THE RECORDS:

────

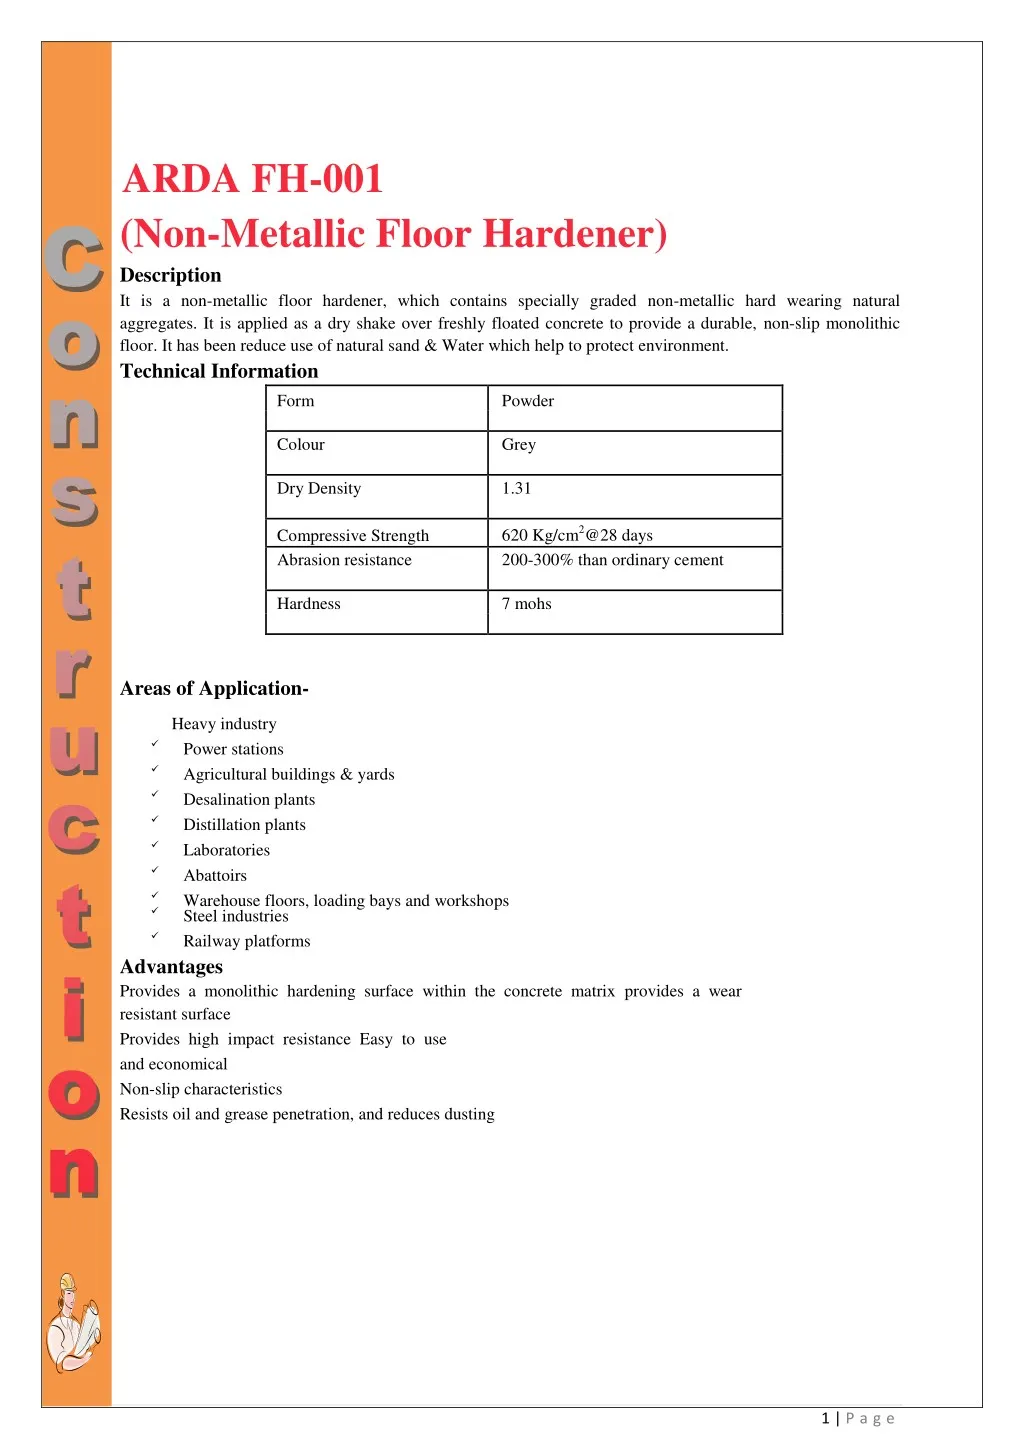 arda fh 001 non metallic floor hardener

────

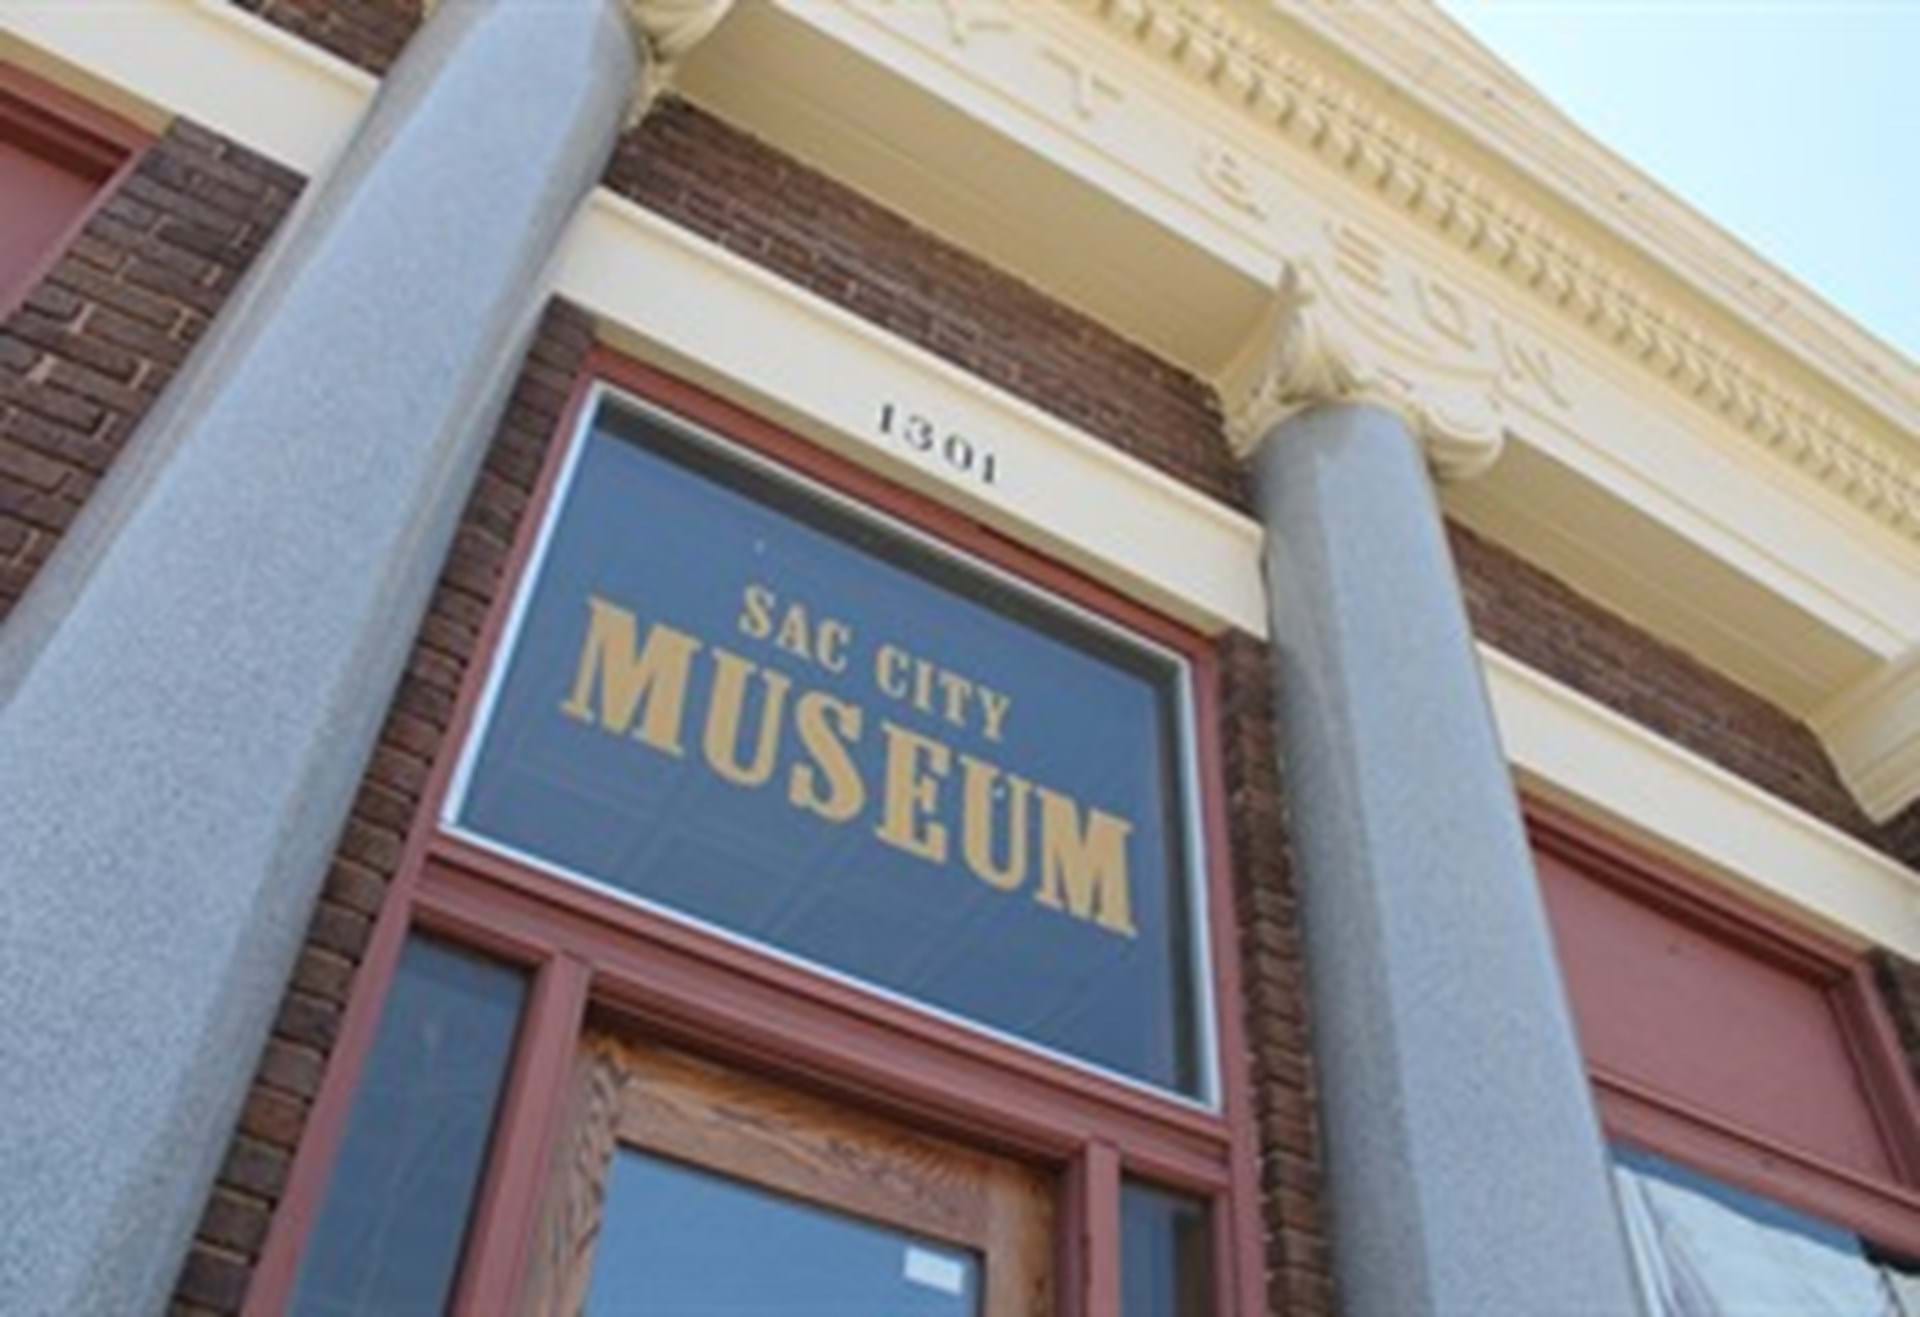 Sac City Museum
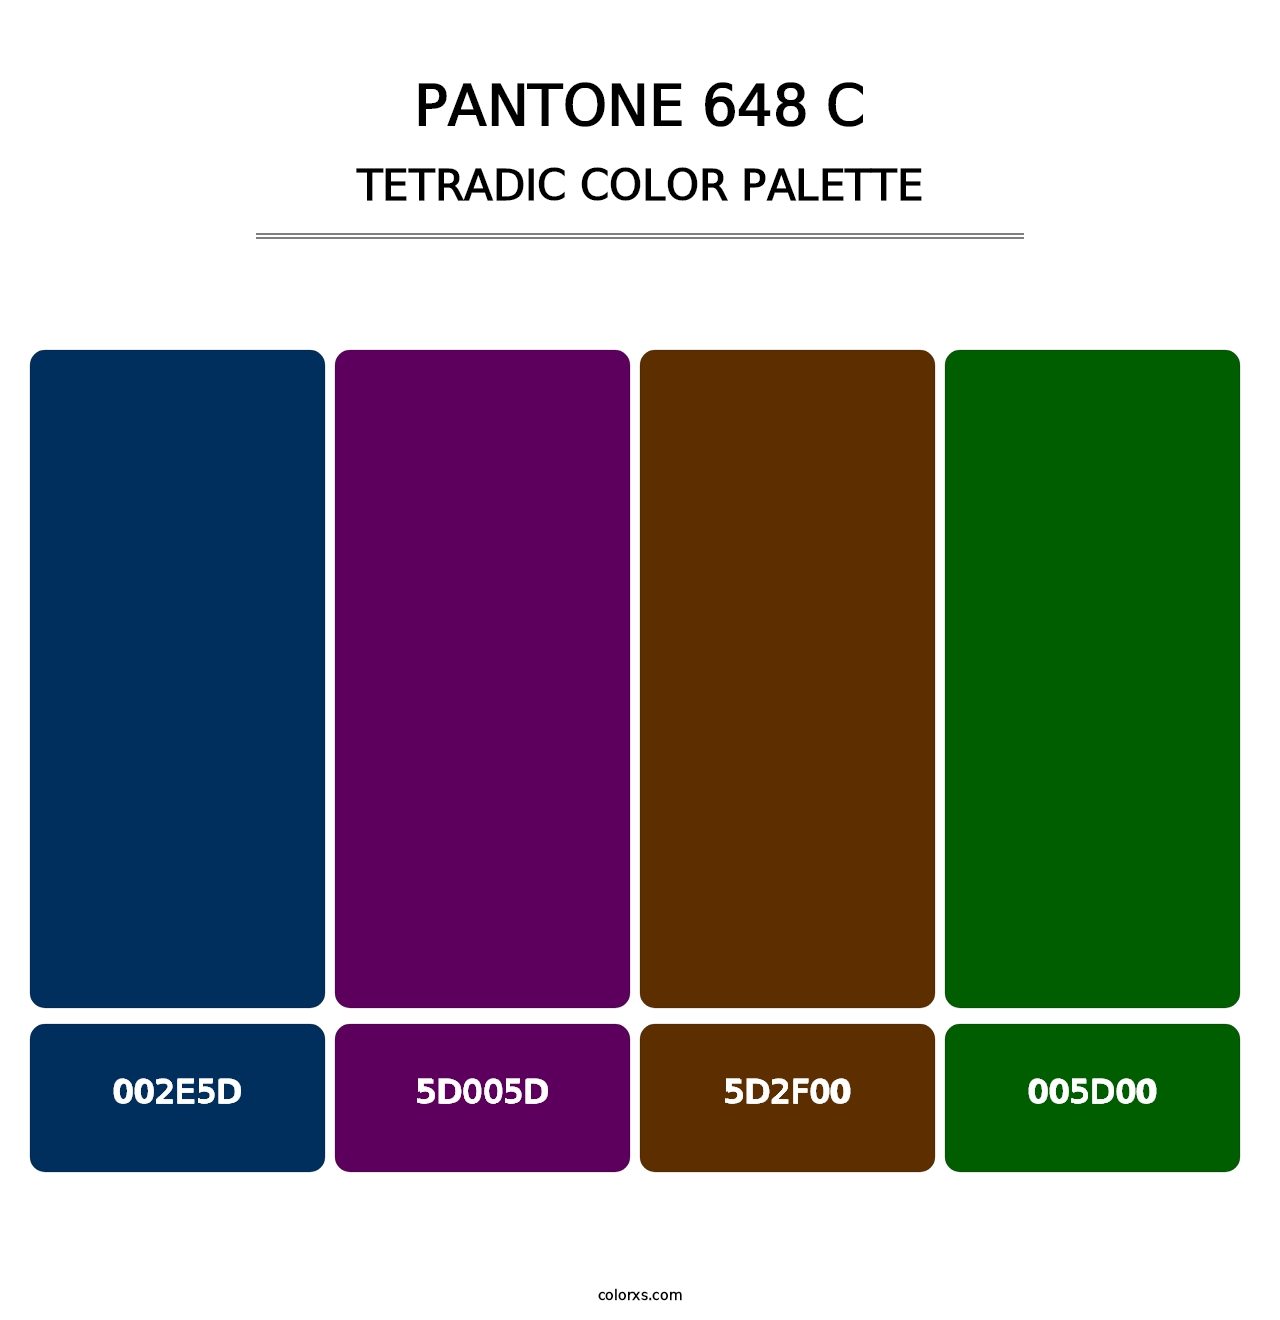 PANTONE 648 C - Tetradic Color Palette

────

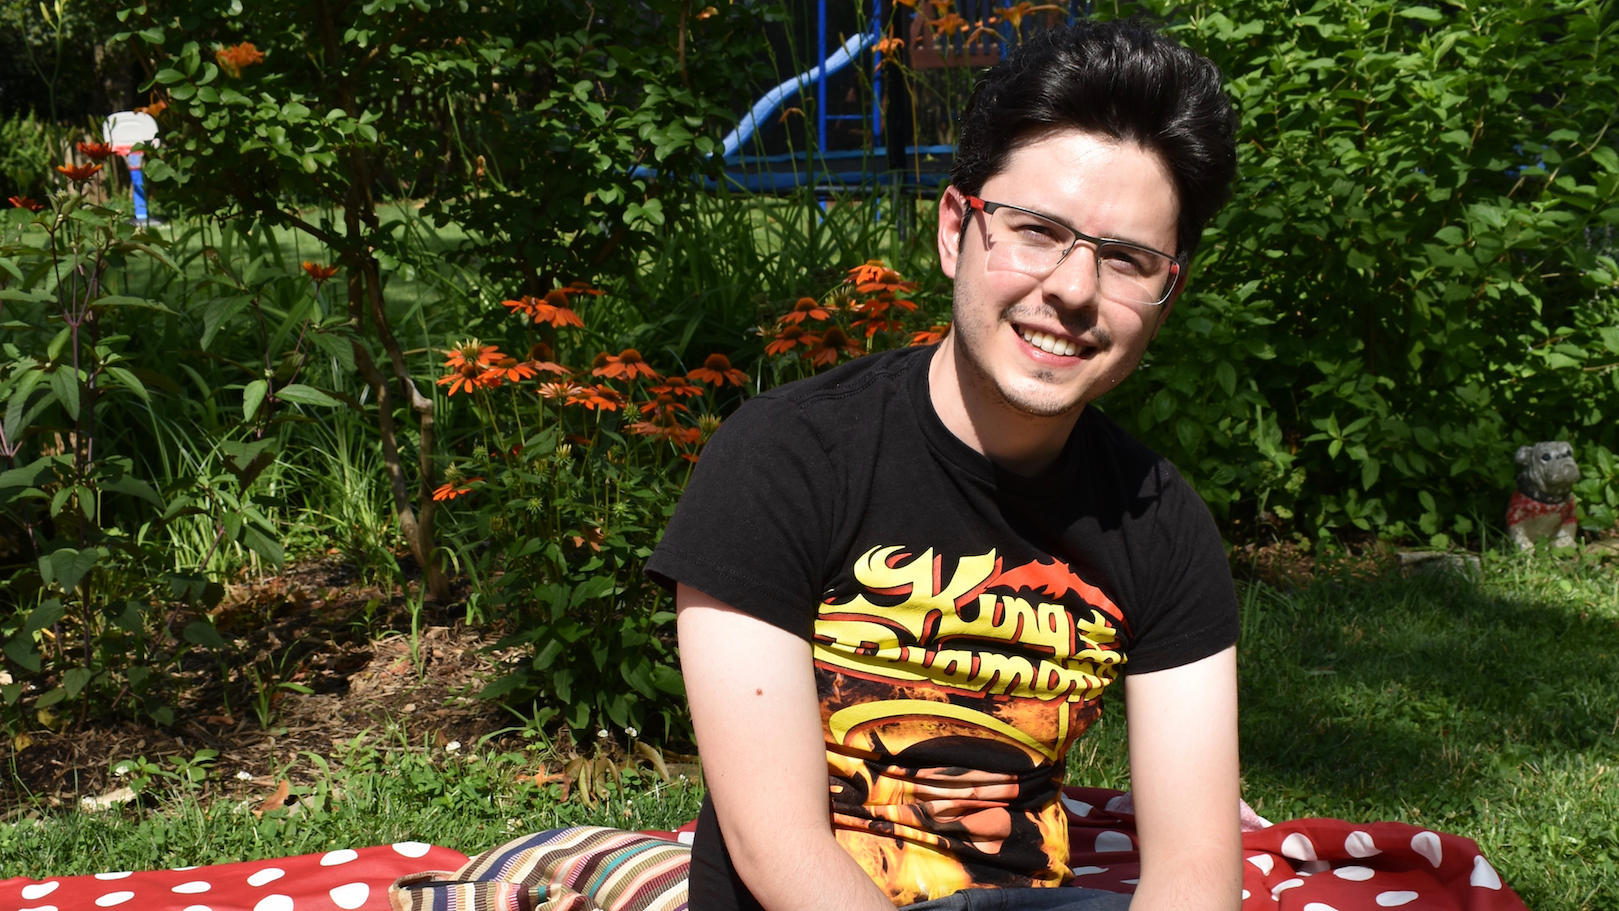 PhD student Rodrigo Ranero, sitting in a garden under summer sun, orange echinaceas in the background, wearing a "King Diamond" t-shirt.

────

EXERCISE GOAL:
Transcribe only the lines above that start at the line containing "Sac City Museum" and end at the line containing "PANTONE 648 C - Tetradic Color Palette". Omit pictures.

EXERCISE ANSWER:
 Sac City Museum
 PANTONE 648 C - Tetradic Color Palette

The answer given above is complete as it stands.